The only thing I can think of is the follower is in backwards or broken. Does the follower look the same as the other magazines when they are all empty?


----------



## Bullseye (May 14, 2007)

I agree with Bruce, especially if all the rounds get pushed up at that angle. You can get new mags at Midway, but their not cheap. Here's the link. http://www.midwayusa.com/viewproduc...urce=froogle&utm_medium=free&utm_campaign=655
Or here at BerettaUSA for about $5.00 bucks less https://www.berettausa.com/e2wShopp...k=2100000084:3100001318:3100001336:3100001452


----------



## Bullseye (May 14, 2007)

I've never taken apart my 90-two mags, but I just took a look at one of mine and it dosen't look like follower will fit in the mag backwards because of the indentation that runs along the side of the mag. The follower is notched to run in the groove of the notch. If it is in backwards, it must have been forced in there.

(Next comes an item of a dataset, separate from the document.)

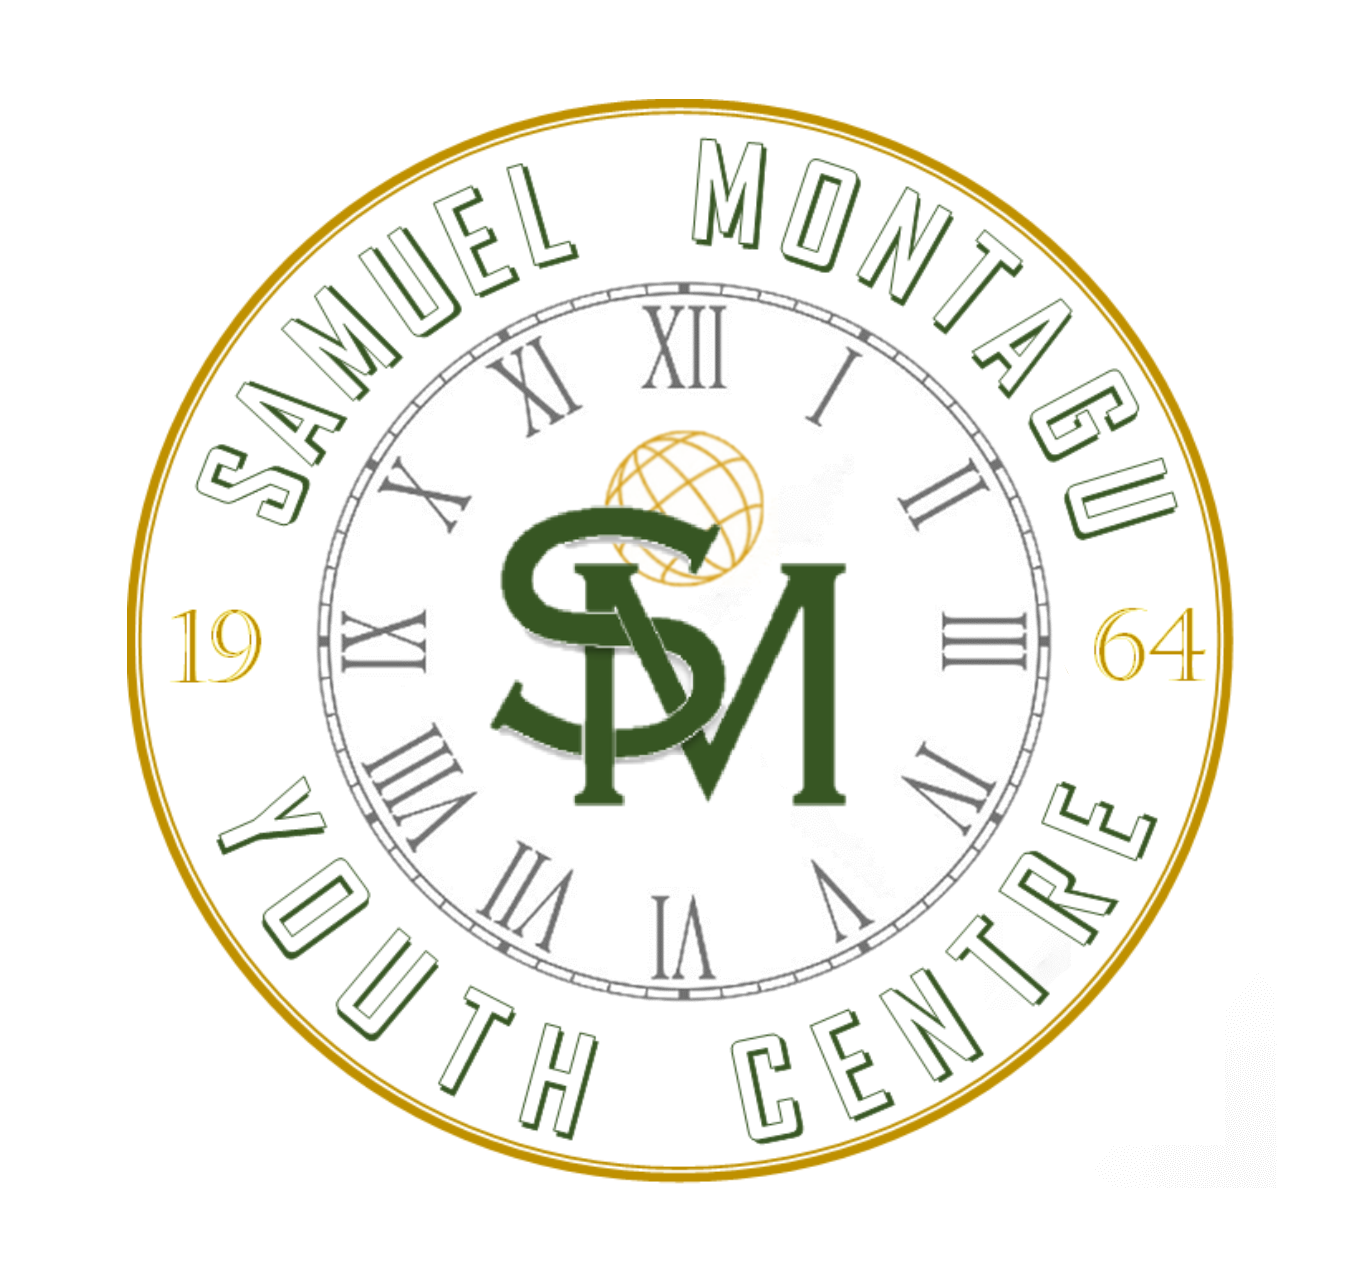 logo for SAMUEL MONTAGU YOUTH CENTRE

The follower might be broken.


----------



## FullClip (Mar 15, 2009)

Should it be lightly oiled?


----------



## Bullseye (May 14, 2007)

Can you post a photo of the end of the mag empty?


----------



## kev74 (Mar 22, 2008)

It looks like the front of the mag where the nose of the bullet rides might have gotten pushed in or dented a little bit causing top round in the stack to hang up. Can you compare this mag to one that works well and see if there are any visible diferences?


----------



## DevilsJohnson (Oct 21, 2007)

Does look like the follower might be bas akward. Hard telling with it full though.
:smt082:smt083


----------



## FullClip (Mar 15, 2009)

Well I changed out the internals of the Magazine and it seems to be an issue with the housing of the magazine. I do not see any dents dings or anything wrong.
I guess I will just have to man up and buy a few more.


----------